[Start of Attachment]

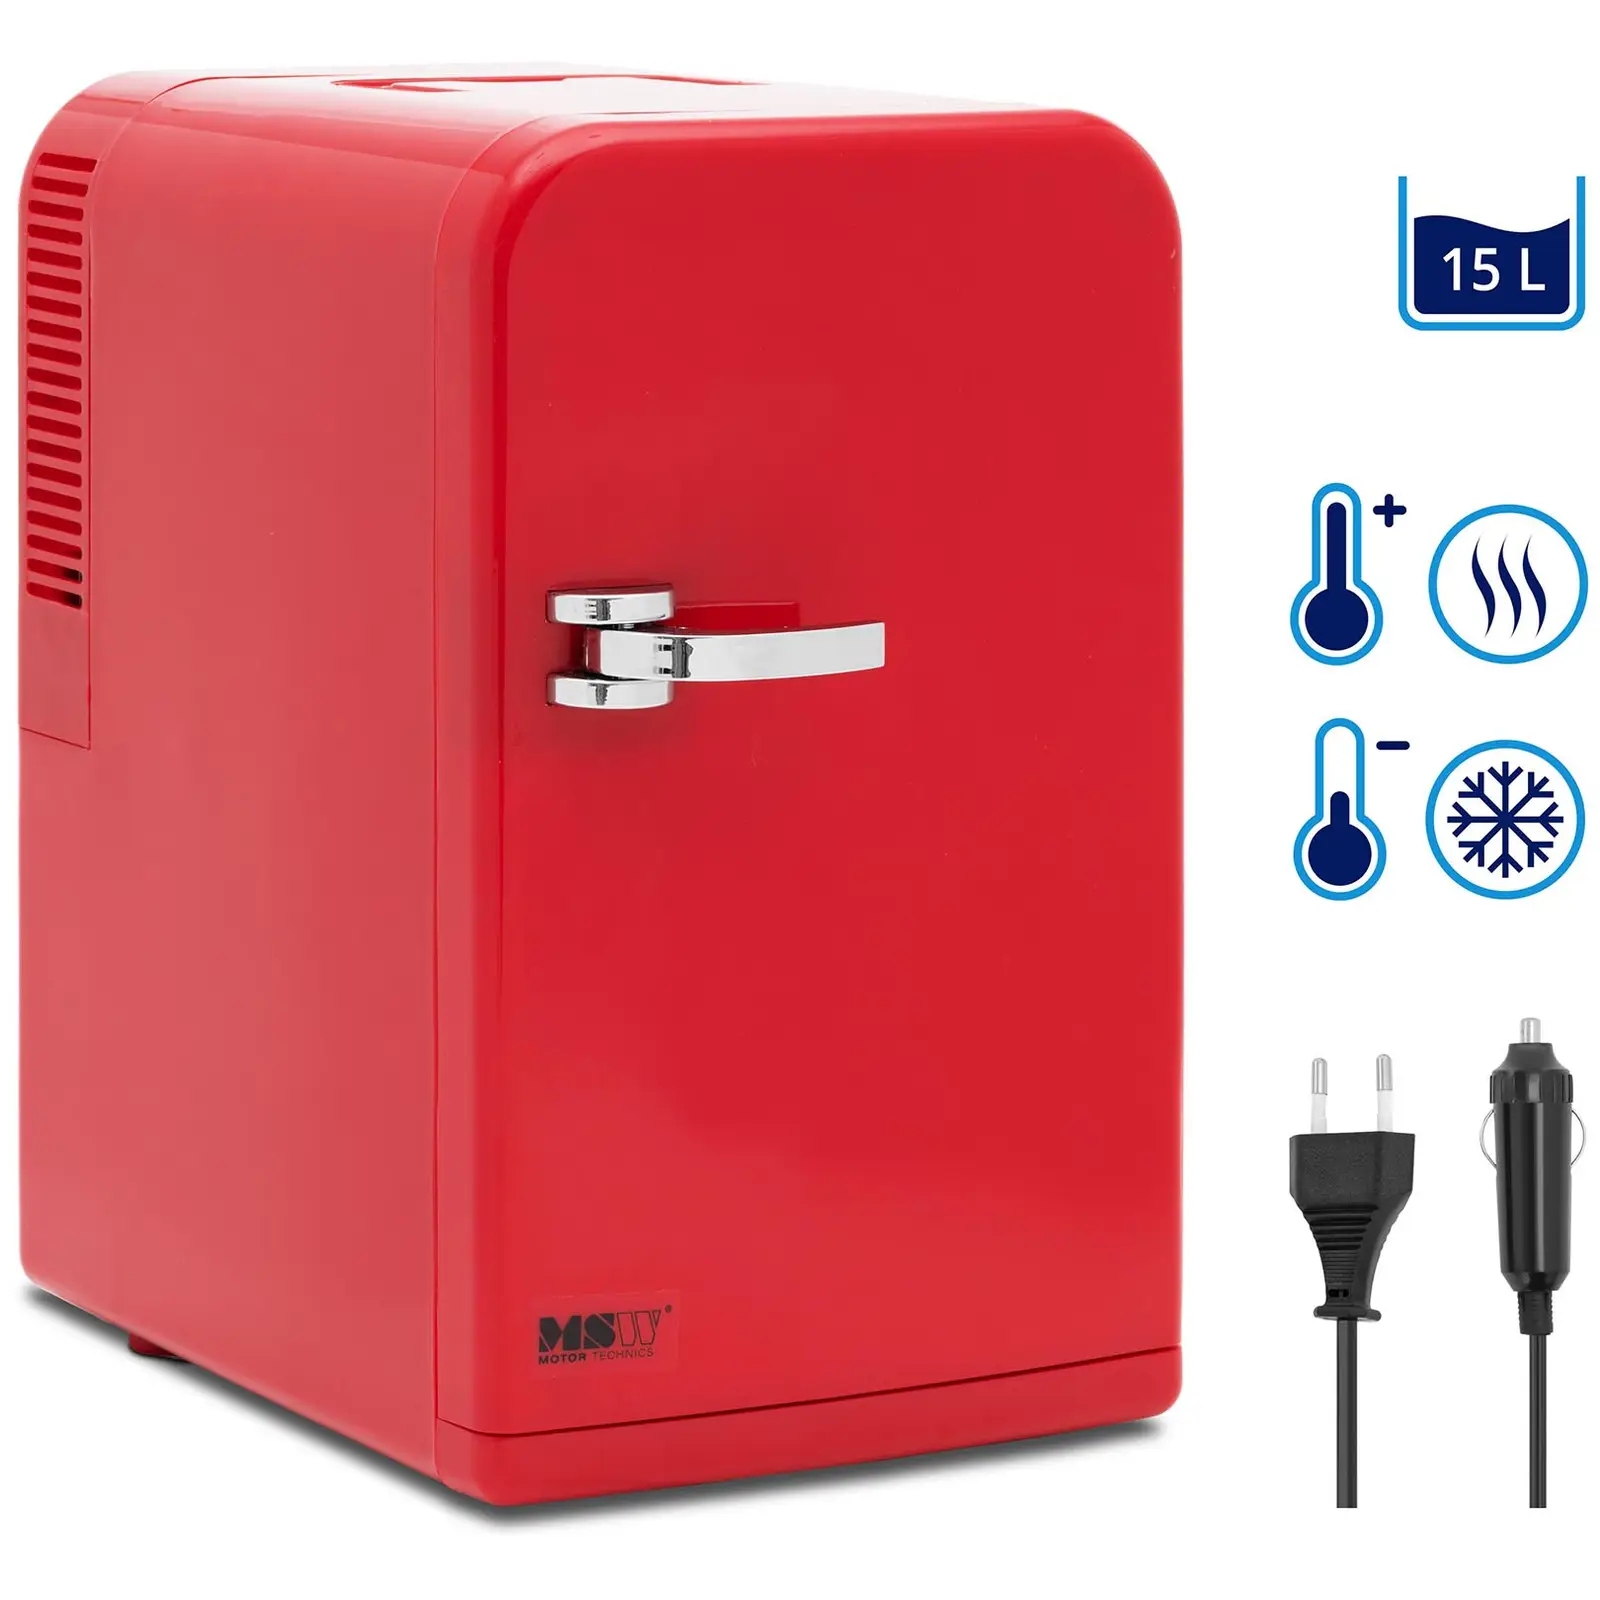 B-zboží Mini chladnička 12 V / 230 V - zařízení 2 v 1 s funkcí ohřevu - 15 l - červená
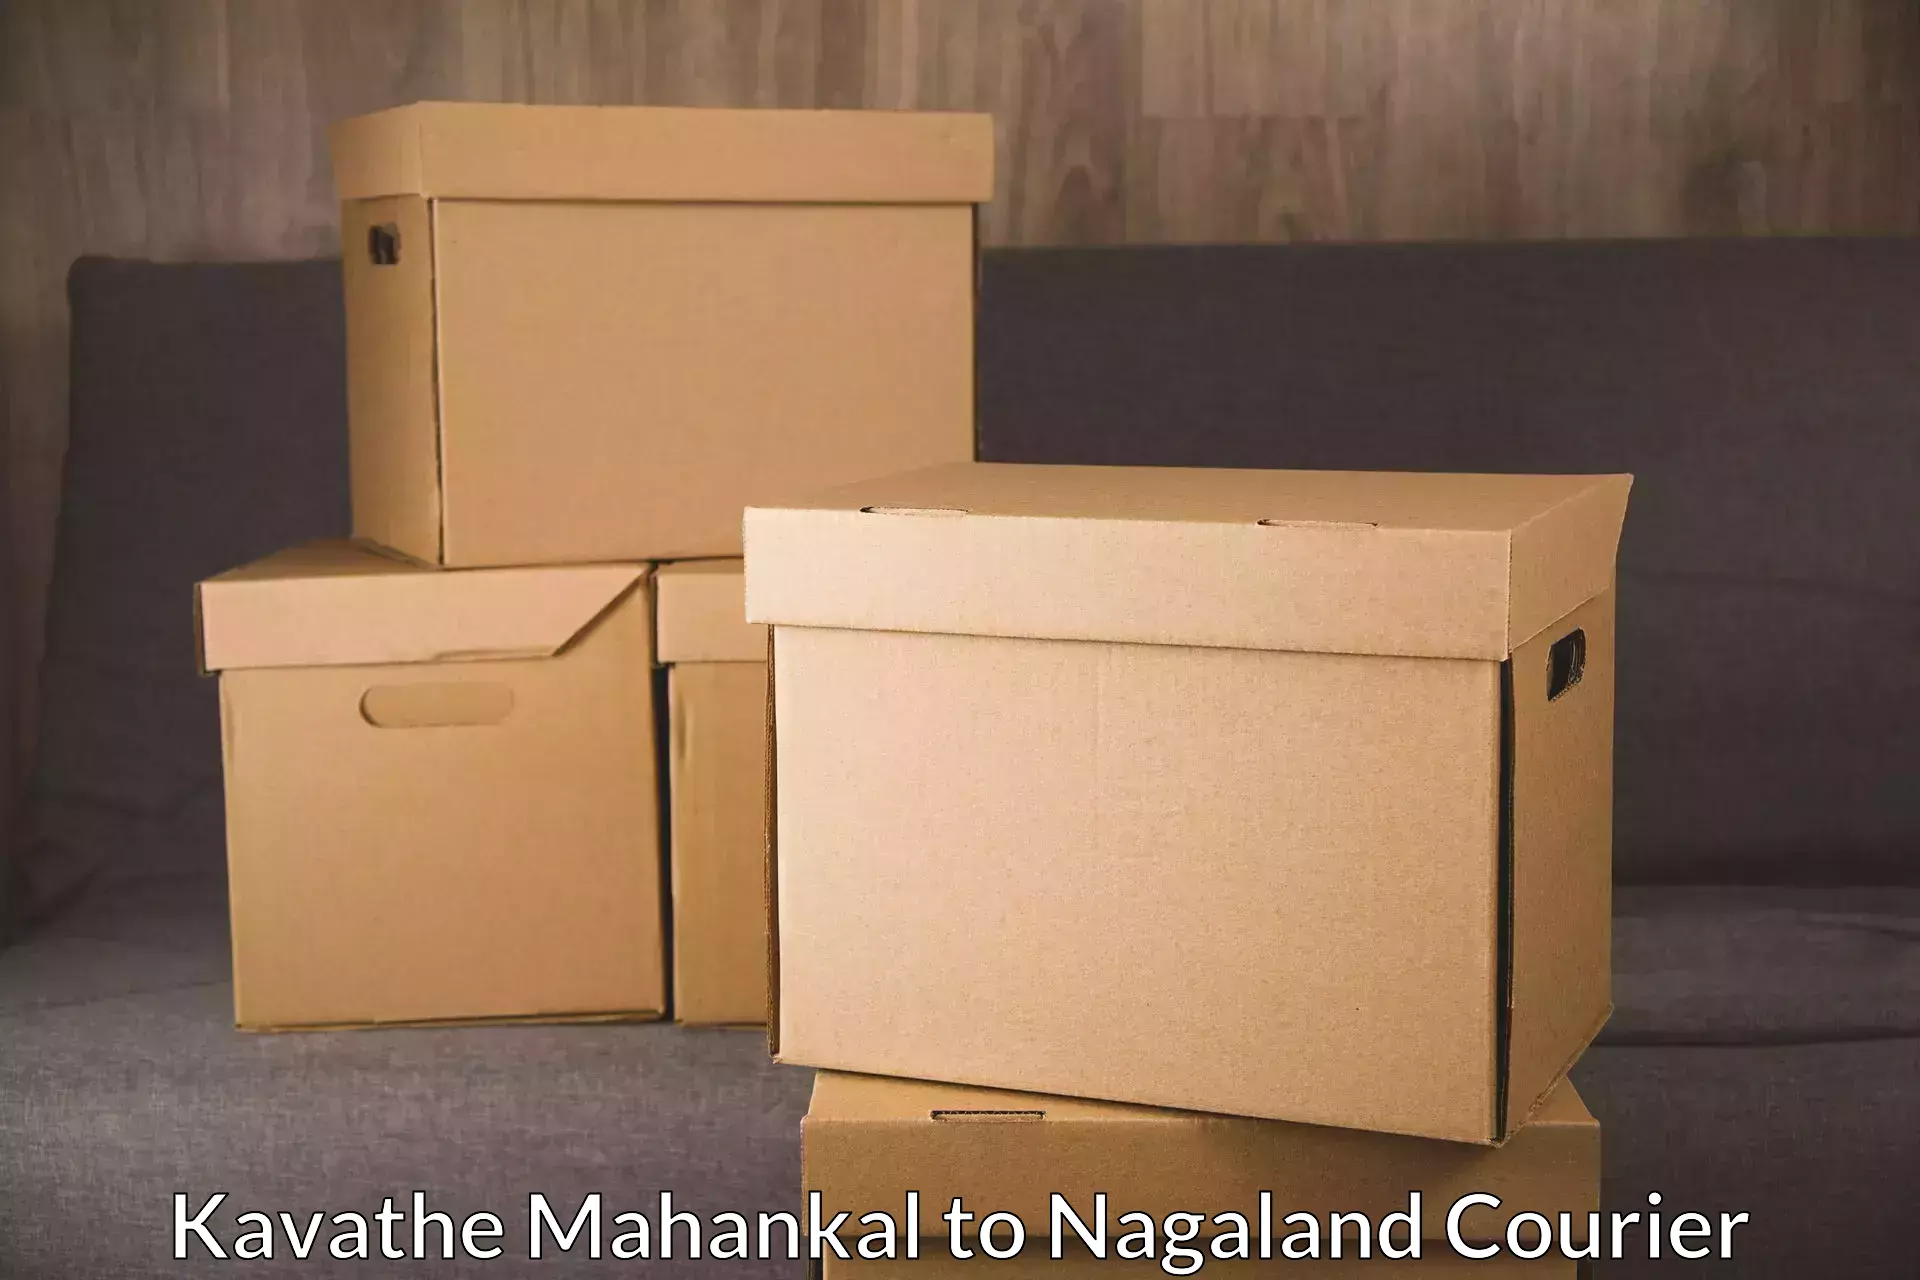 Express logistics providers Kavathe Mahankal to Kiphire
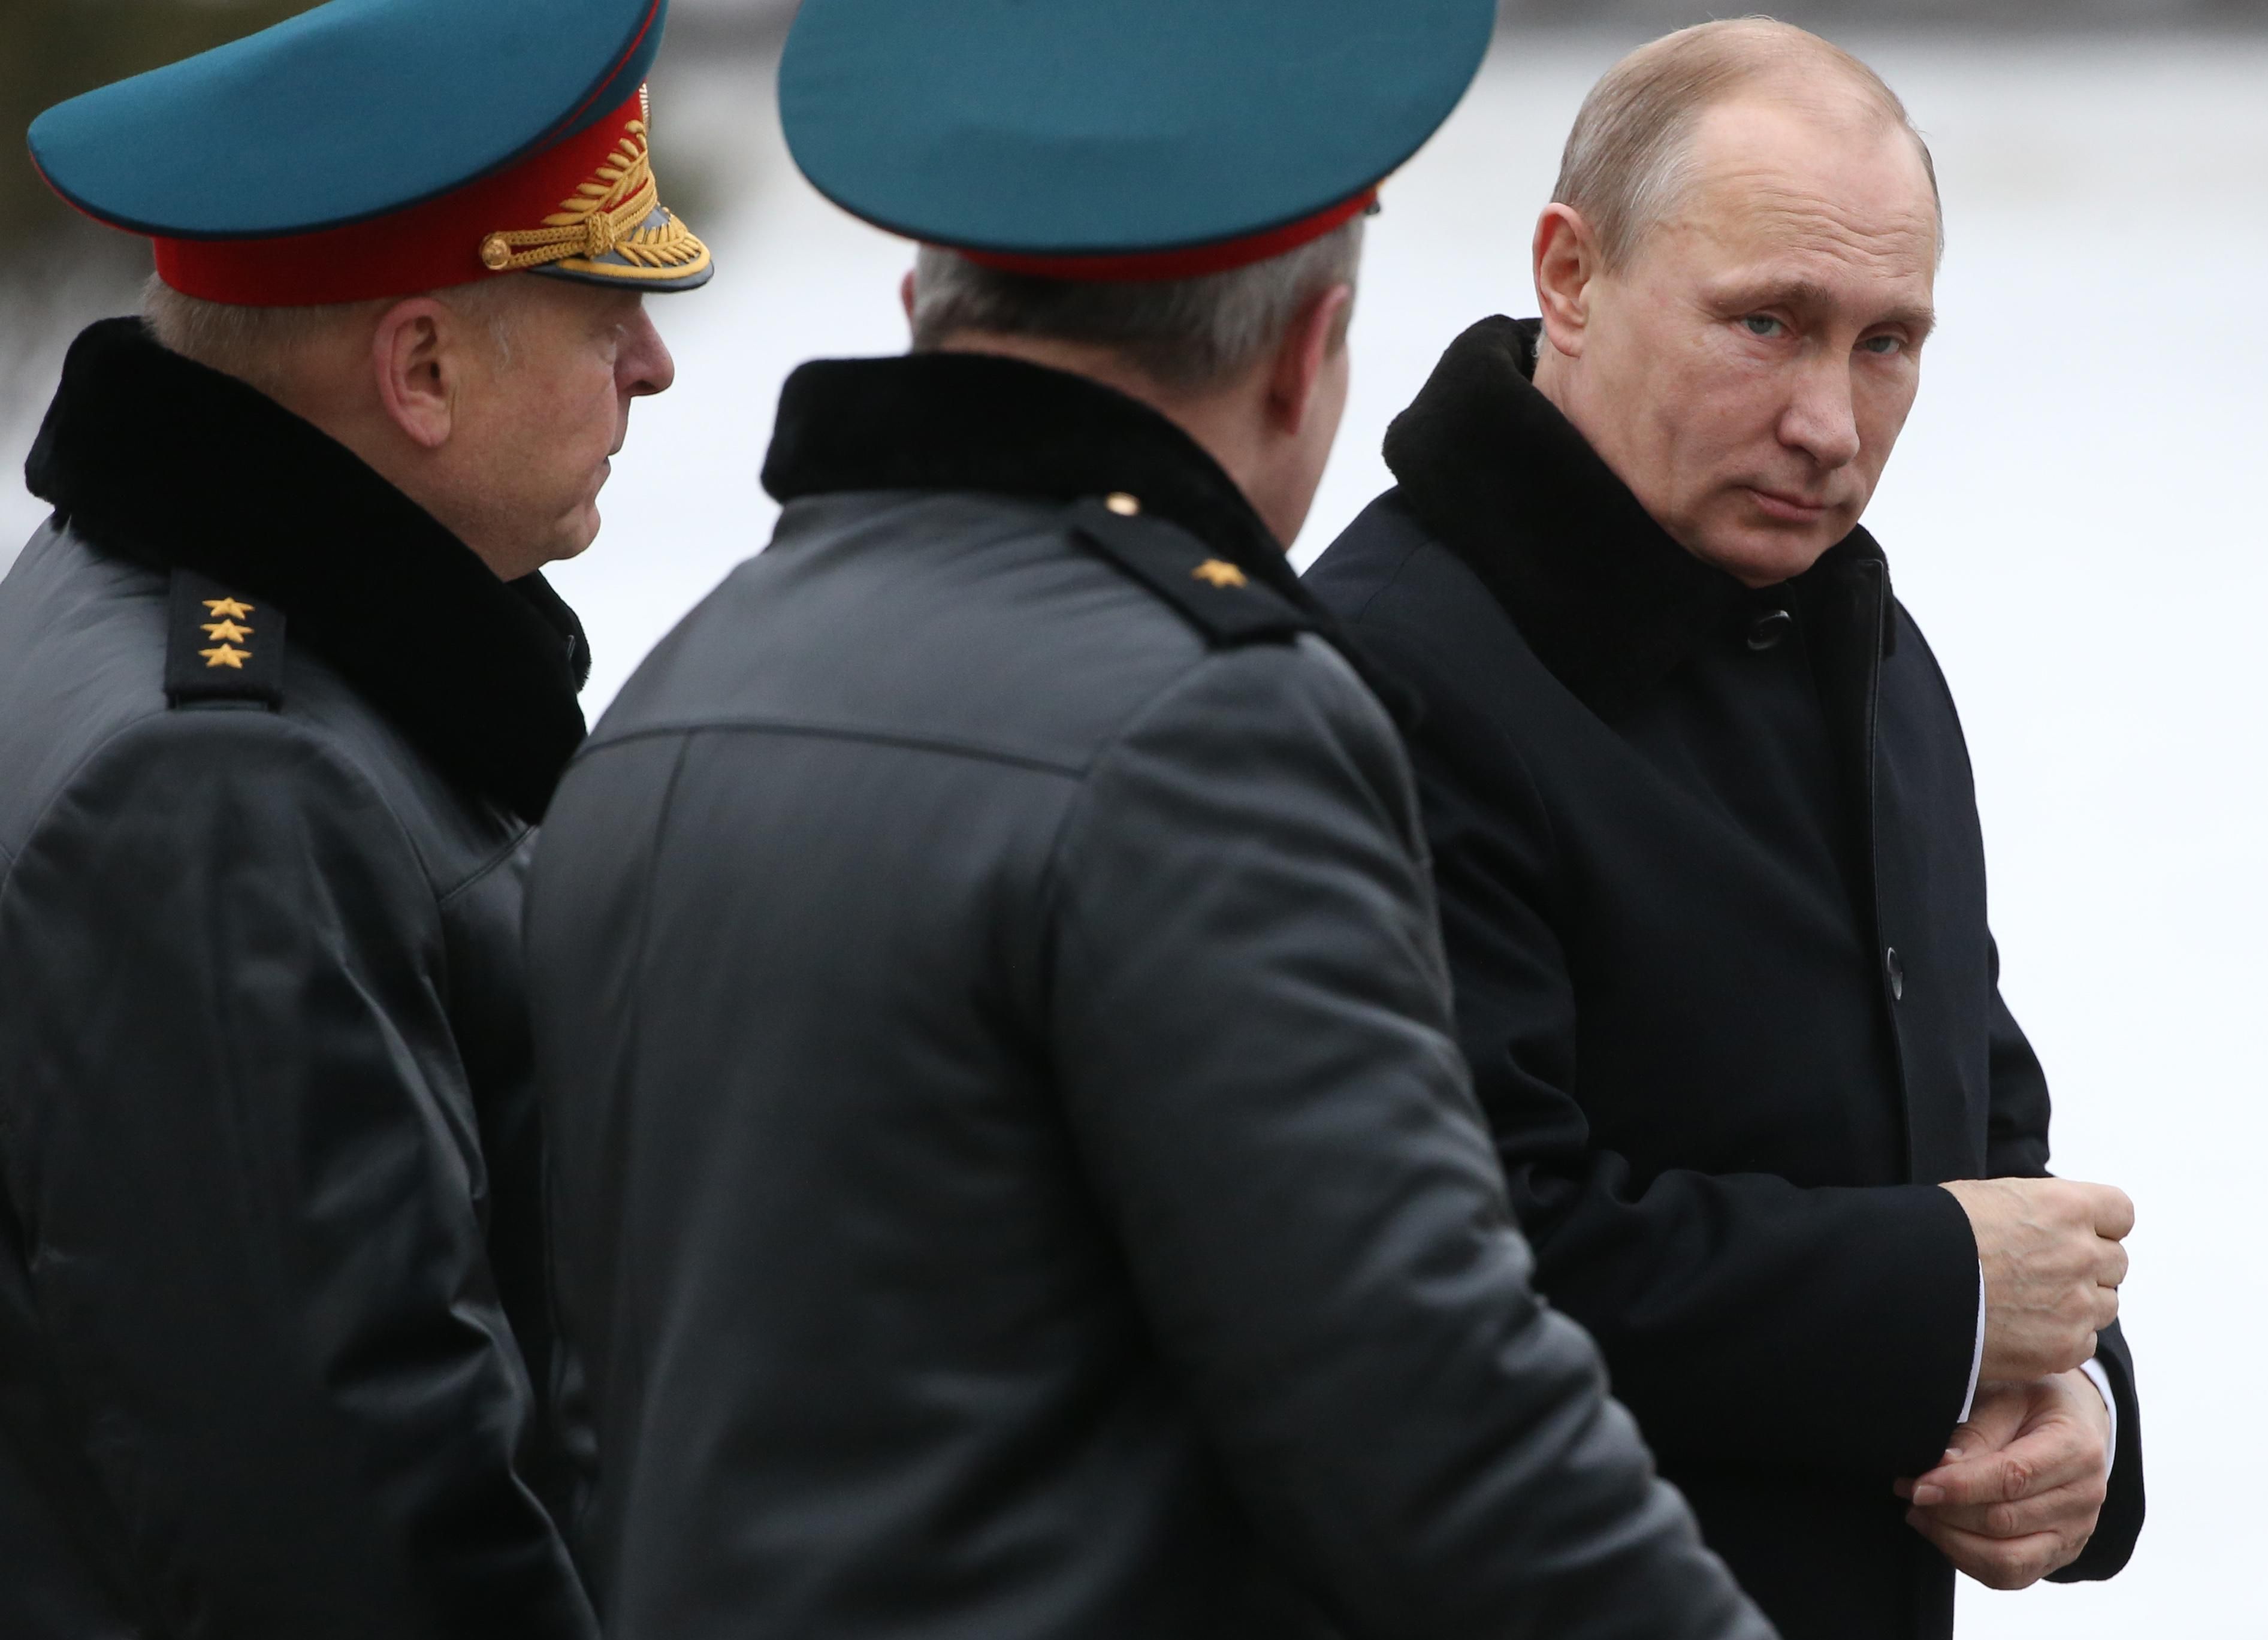 Сторонников Путина прижмут: США могут увеличить помощь Украине - Новости России и Украины - 24 Канал

[End of Attachment]

What needs to be done = Please return each line of the listing exactly as written, excluding the images.

Problem solution =
 B-zboží Mini chladnička 12 V / 230 V - zařízení 2 v 1 s funkcí ohřevu - 15 l - červená
 Express logistics providers Kavathe Mahankal to Kiphire
 Сторонников Путина прижмут: США могут увеличить помощь Украине - Новости России и Украины - 24 Канал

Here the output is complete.